The further you progress in your career, however, the more obvious it becomes when you don’t pay sufficient attention to the long-term implications of your choices. Finding the right balance between short-term and long-term considerations is key to unlocking true value. The earlier you can incorporate this into your decision-making process, the better.

7) Great decisions are communicated well to stakeholders.

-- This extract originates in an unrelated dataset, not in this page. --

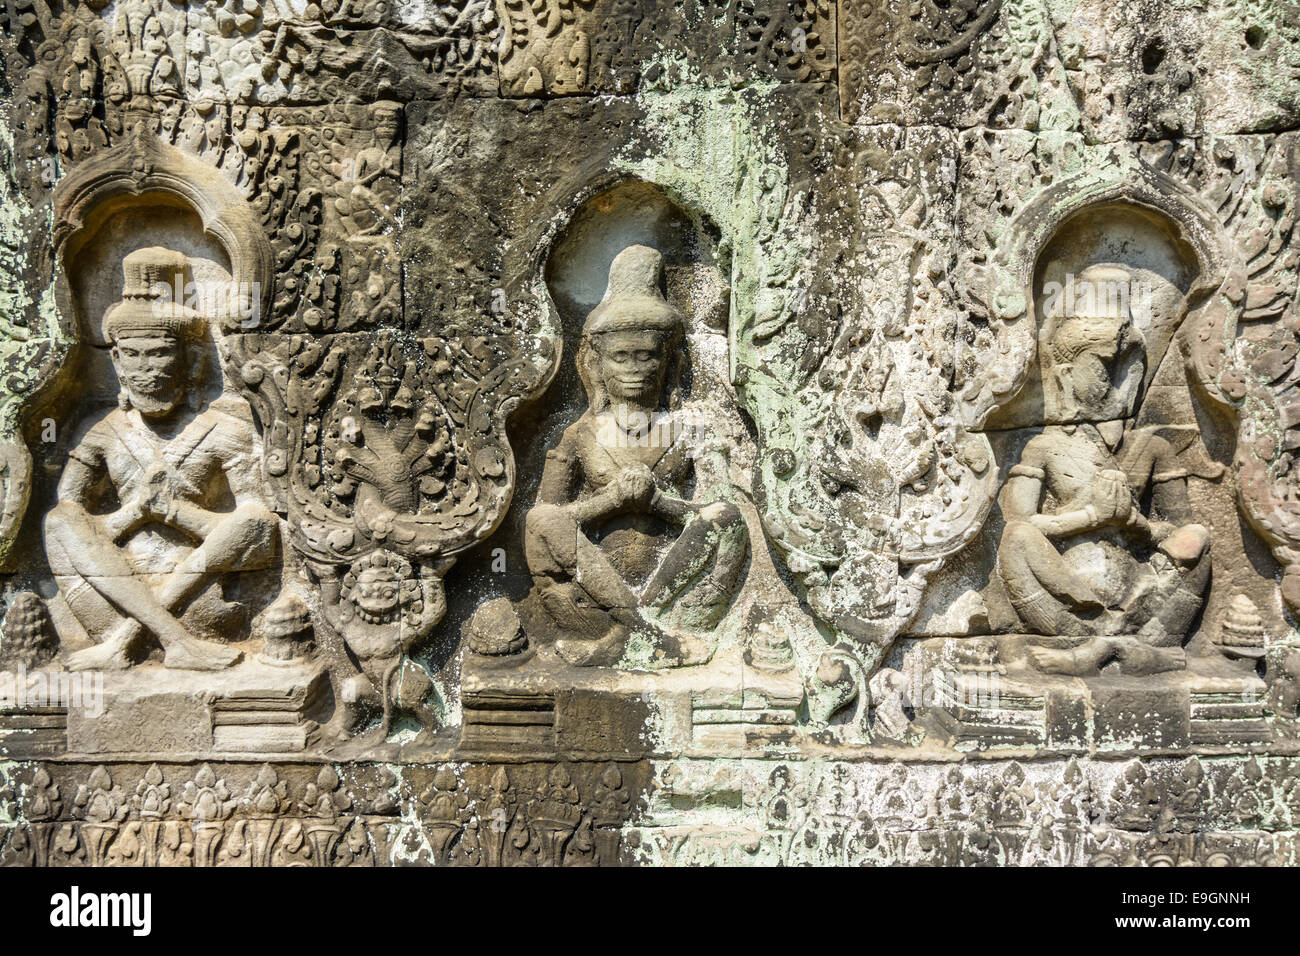 Bas-relief à l'ancien temple d'Angkor Wat, au Cambodge Banque D'Images
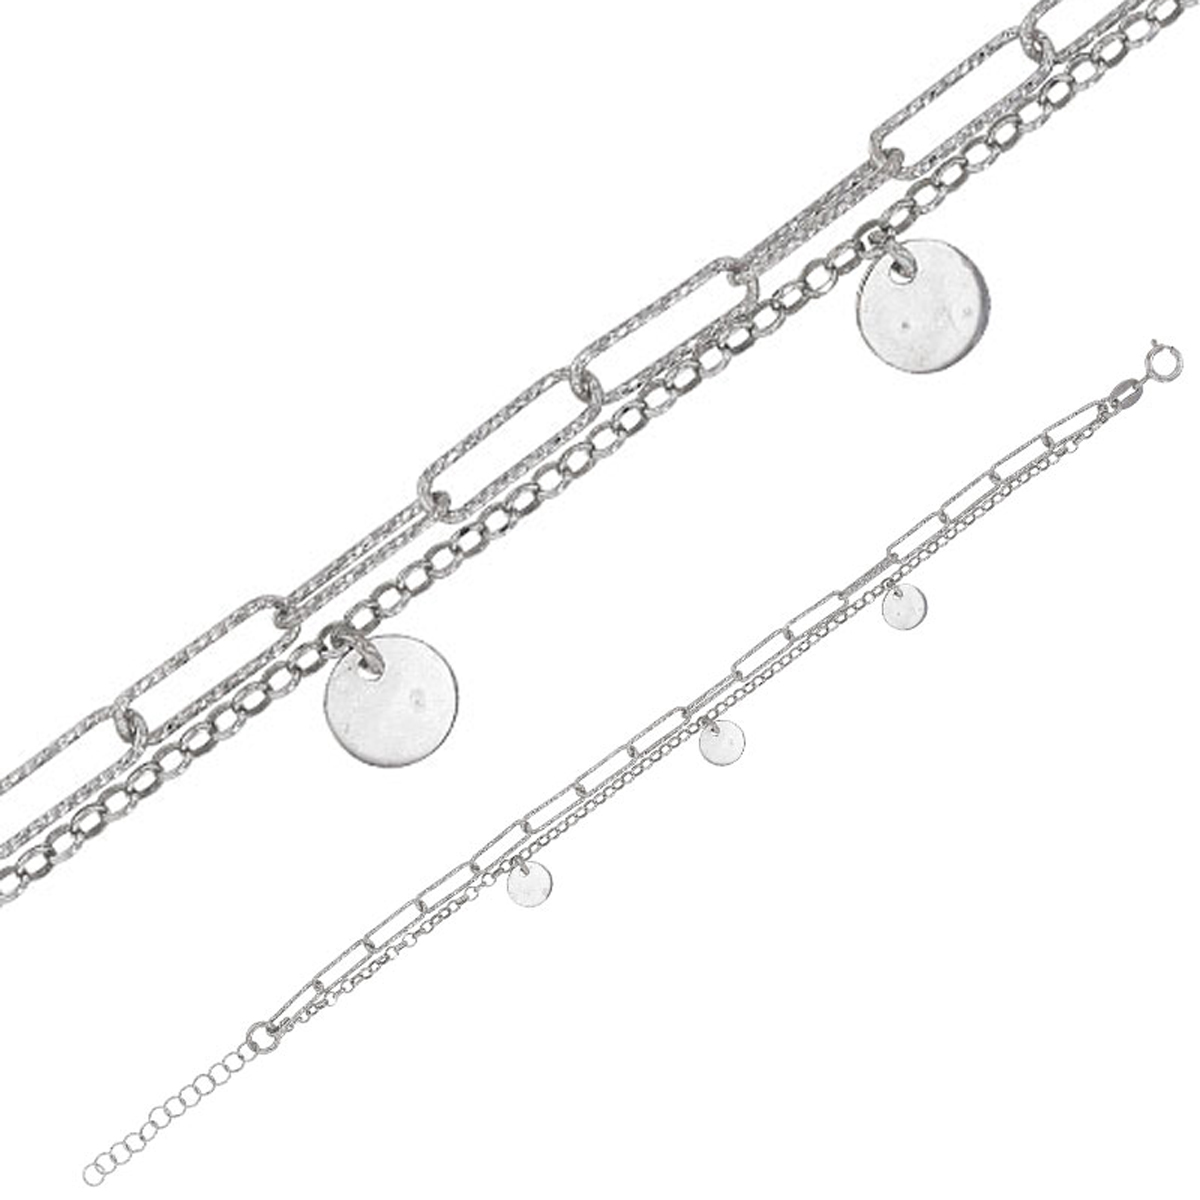 Bracelet Argent artisanal \'Cléopatra\' argenté (rhodié) - 6 mm (2 rangs) trombone - [R4993]

Whereas you don’t necessarily want everyone with a passing interest to participate in the decision-making process, you do want everyone aligned on the outcome. That’s why communicating the substance and reasoning behind your decisions to the stakeholders (including the powerful people in the room) is so important.

The purpose of this communication is not to seek approval or consensus on how you will solve the problem. Rather, you’re looking to bring everyone up to a consistent level of understanding, which is often necessary for the smooth implementation of a major decision.

8) Great decisions are timely.

Speeding up your decision-making process starts with understanding the core elements of a good decision. If you consider all of the elements listed above, then it’s simply a matter of addressing each one with a heightened sense of urgency.

For example, instead of painstakingly consulting everyone who wants to share their opinion, seek feedback only from those who can genuinely add value — and don’t wait for all of them to agree. Instead, use your own judgment, and a cost-benefit analysis, to chart the best course forward with the information you receive.

Many leaders procrastinate on decisions because they’re overwhelmed by fear of making a mistake or, even worse, of not being liked. But the extent to which you might labor on any particular facet of the decision-making process should be determined by one thing: risk. Your assessment of risk will dictate whether you should take a more or less cautious approach.


With a commitment to prospectively evaluating your decisions, you’ll find yourself able to make better decisions, faster than you’ve ever done before. Learning this as a leader will accelerate your development and lift the performance of your team. The higher up you go, the greater the impact this skill will have on your organization’s culture and performance.